*** Input data Section Begins ***

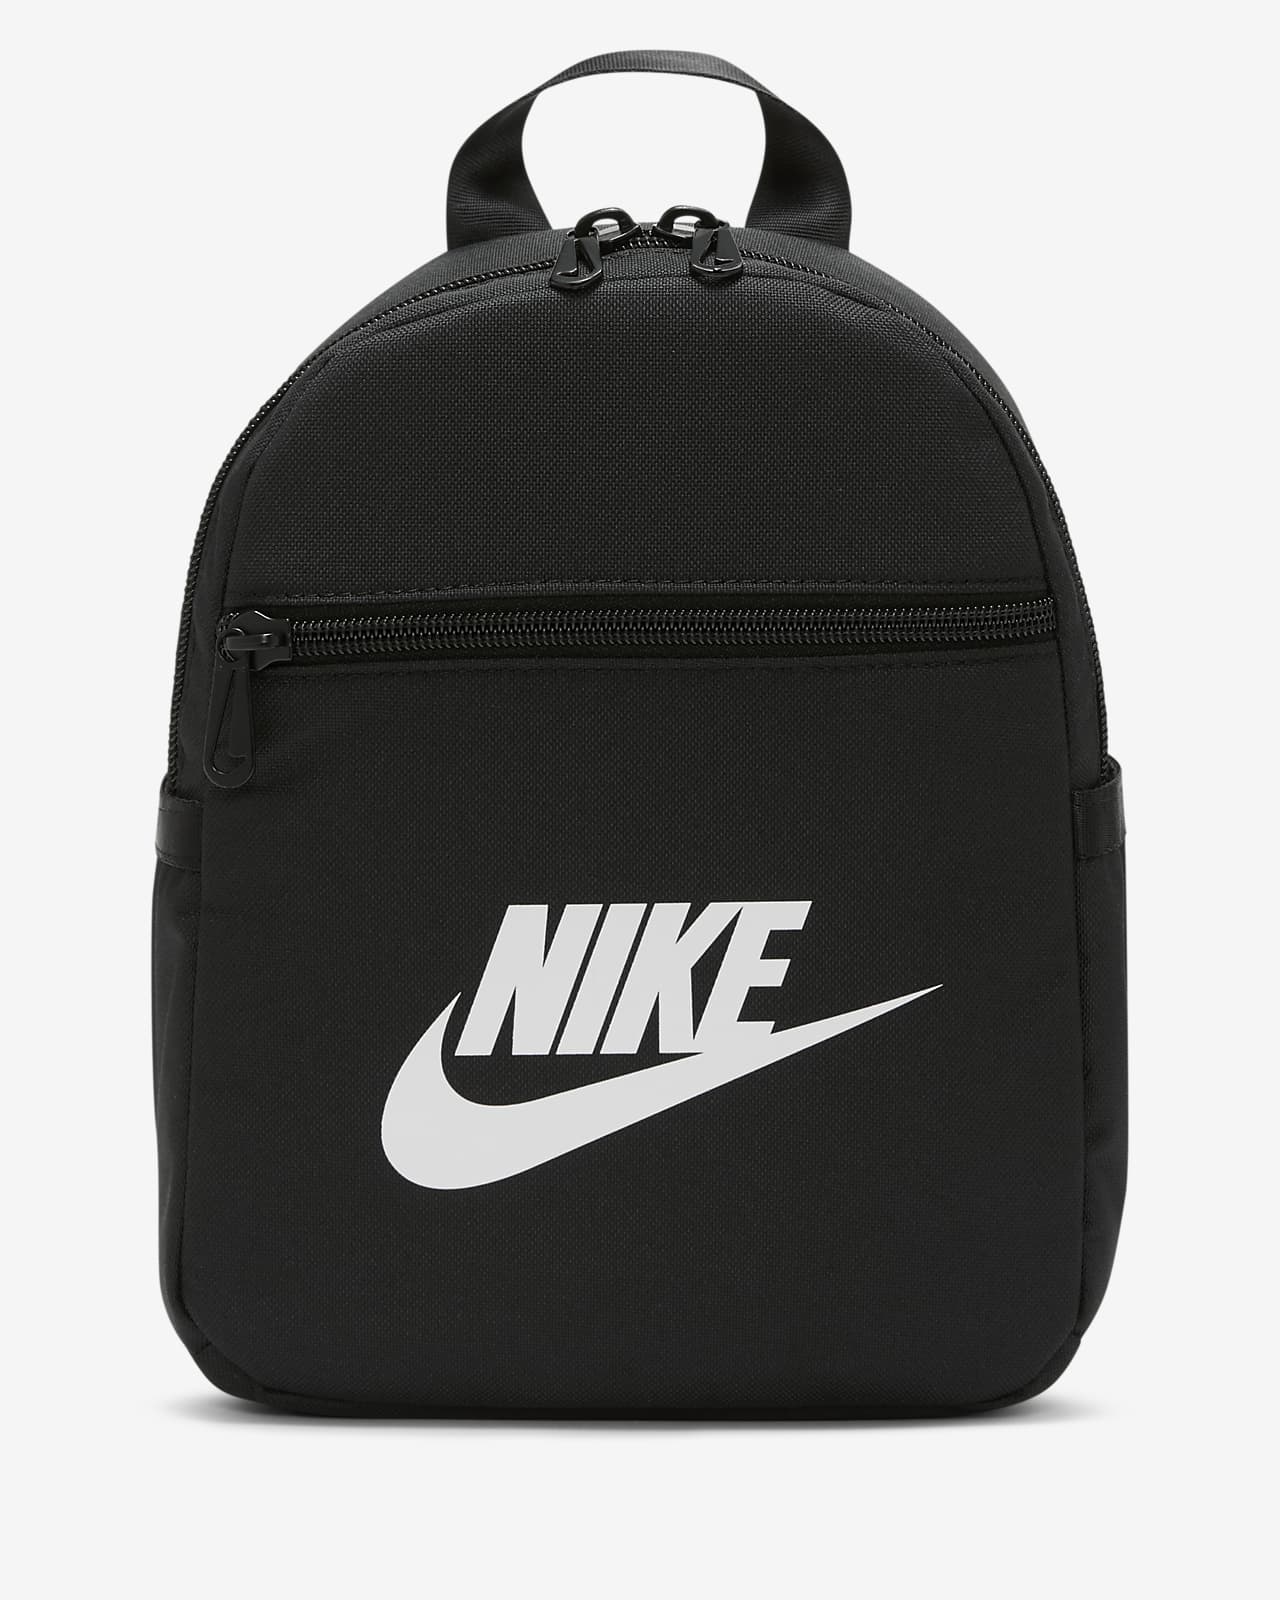 nike little backpack
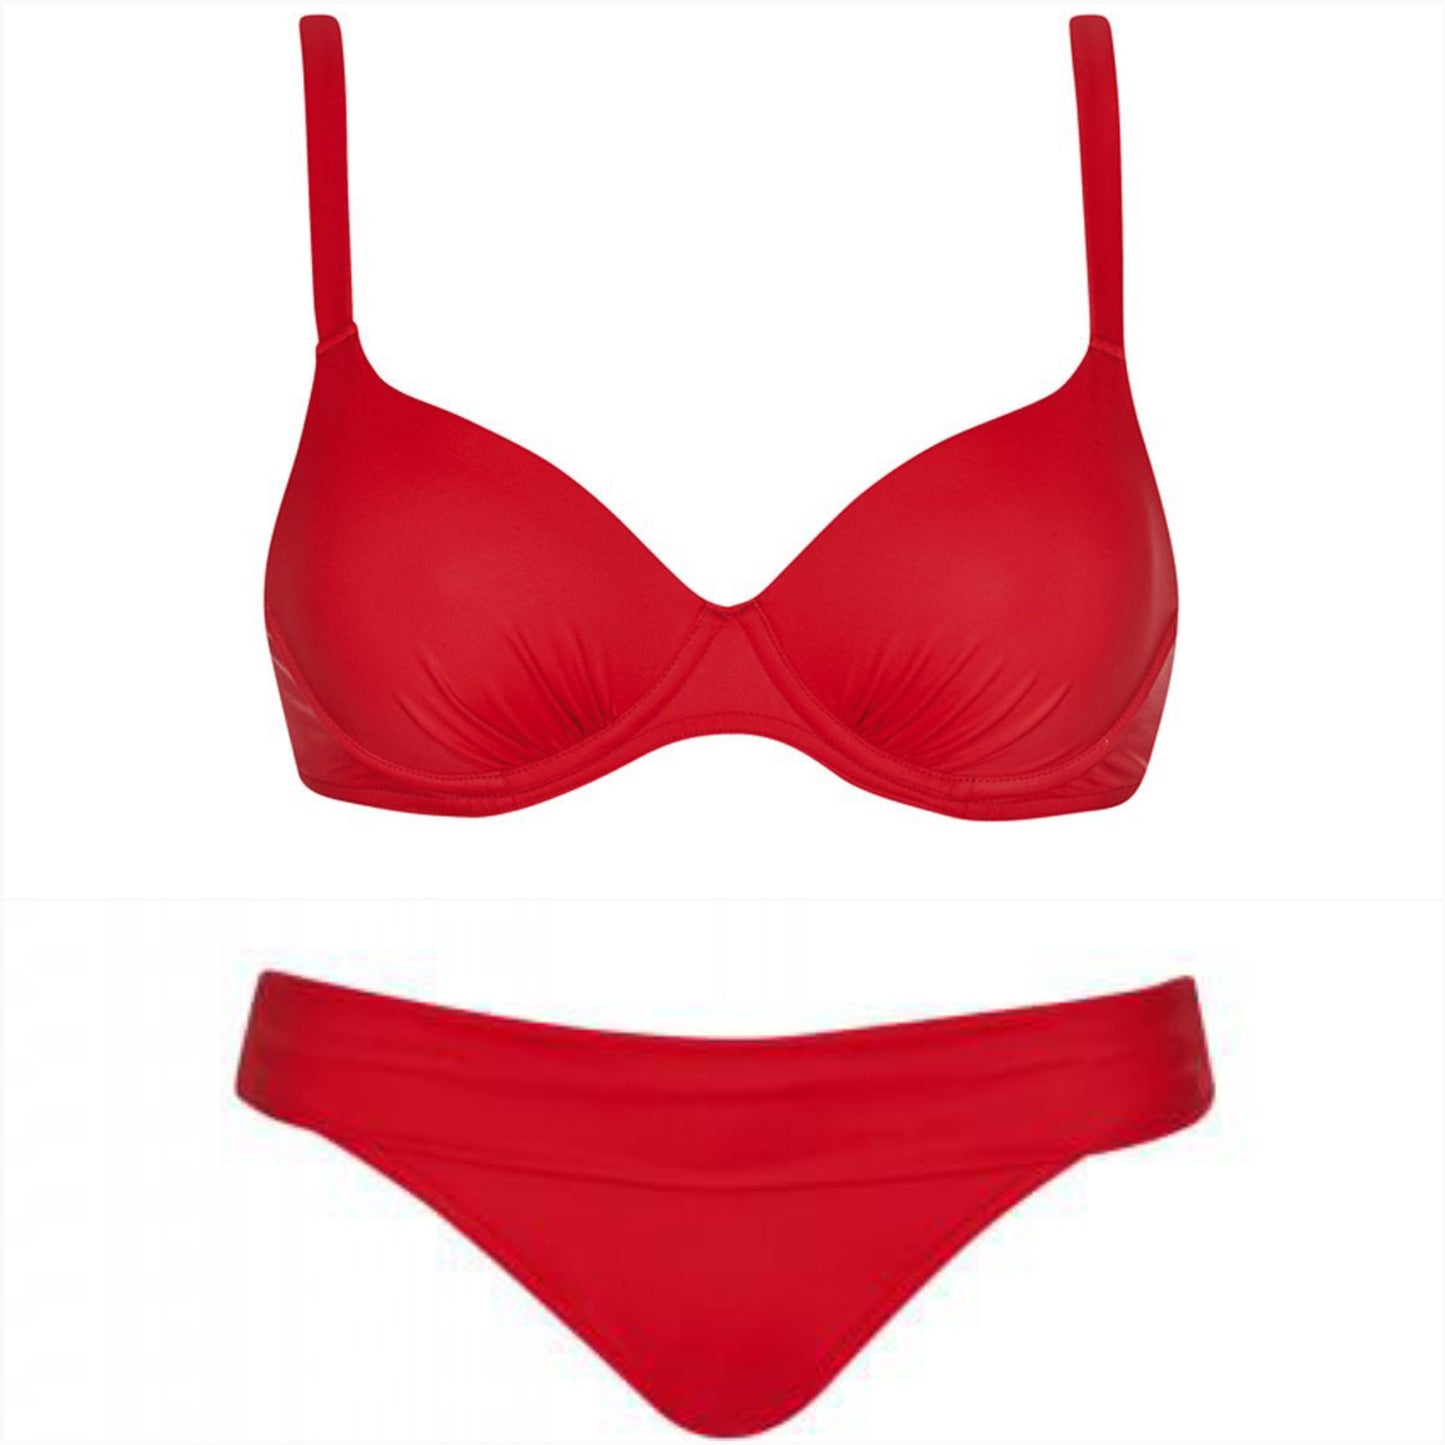 Olympia voorgevormde Bikini met beugel - 31187 en 31202 - rood
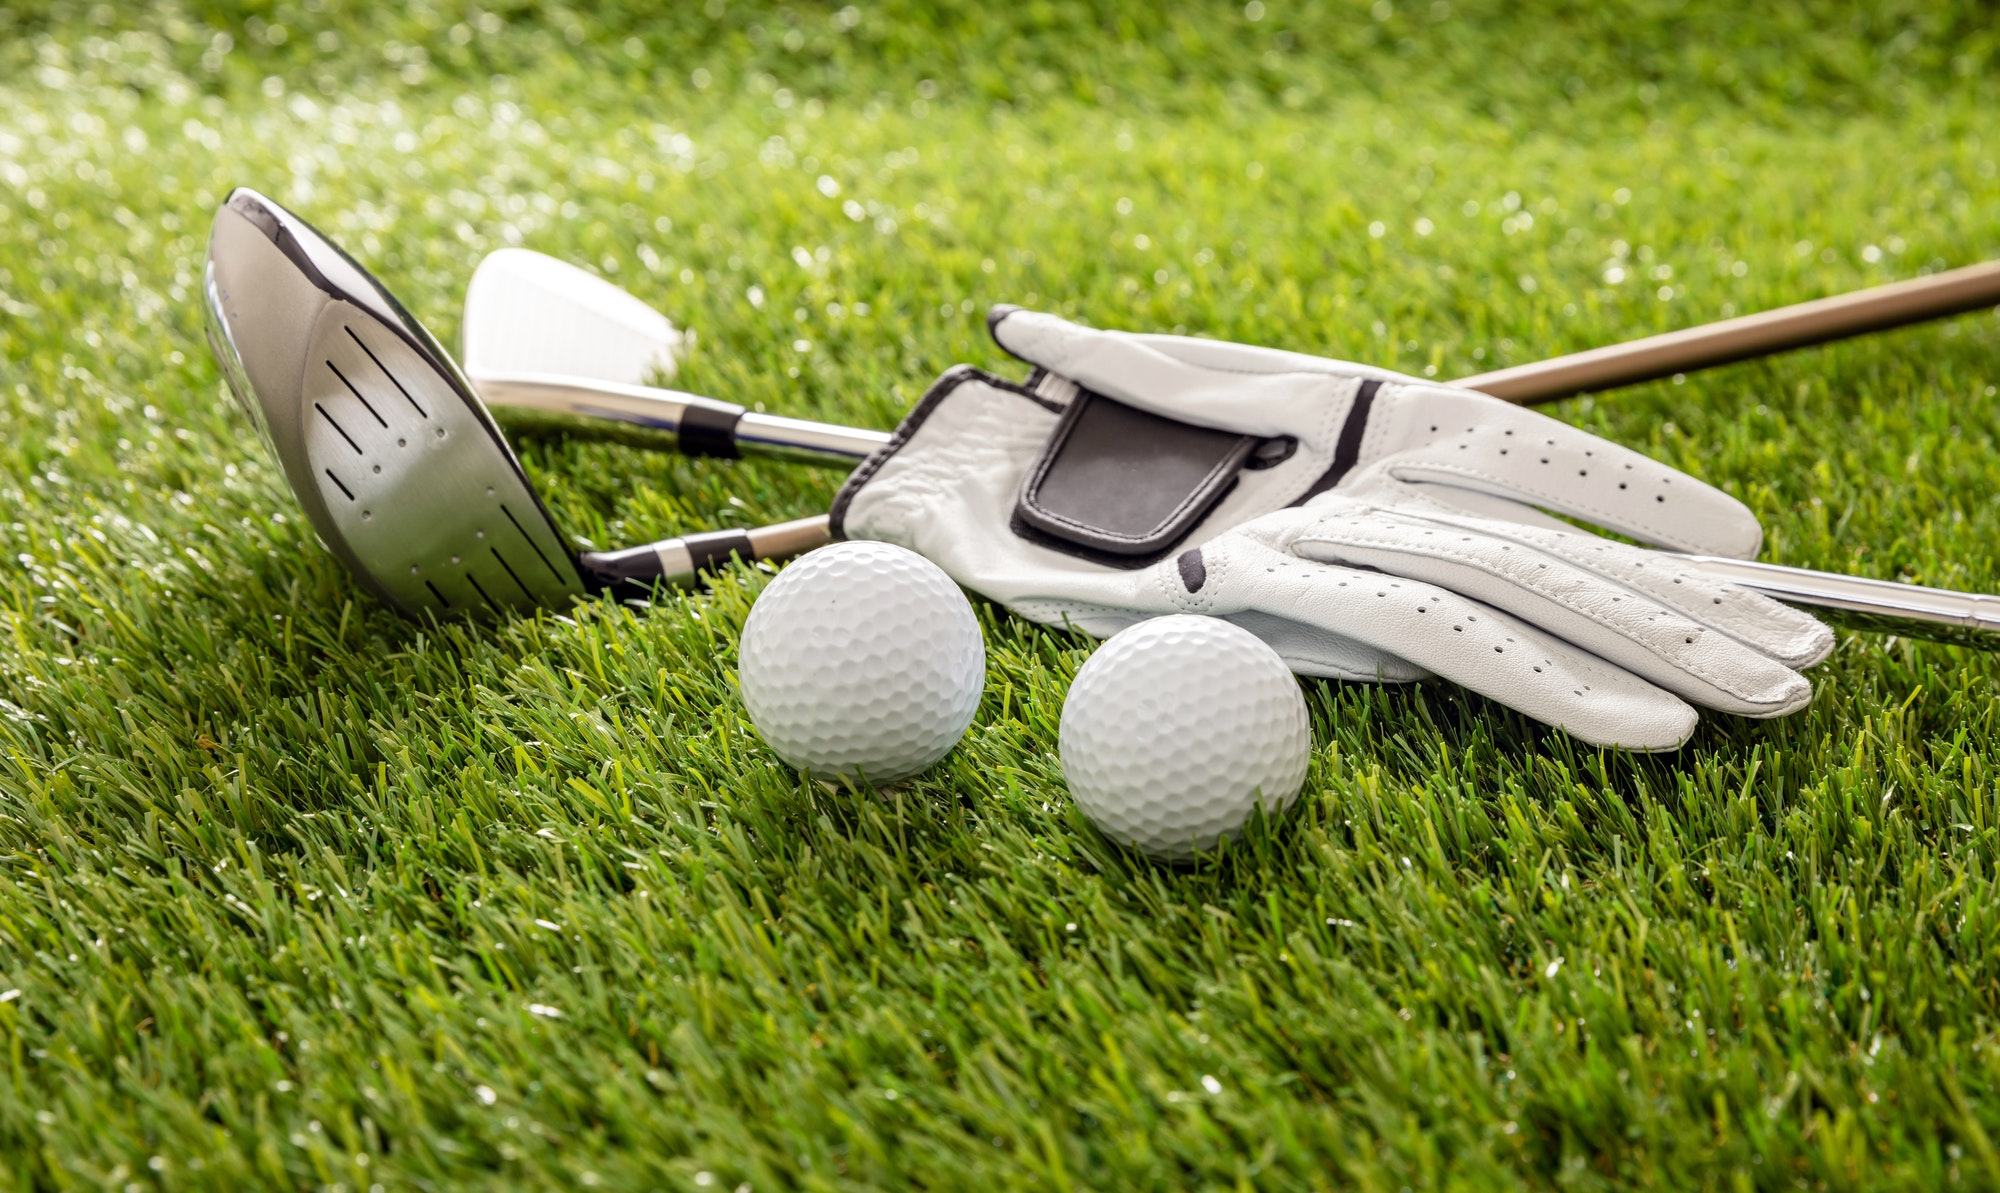 Golf equipment on green grass golf course, close up view.

*** Input data Section Ends ***

### Exercise aim
Your answer must be an exact copy of the data above, minus its pictures.

### Exercise solution
 nike little backpack
 Olympia voorgevormde Bikini met beugel - 31187 en 31202 - rood
 Golf equipment on green grass golf course, close up view.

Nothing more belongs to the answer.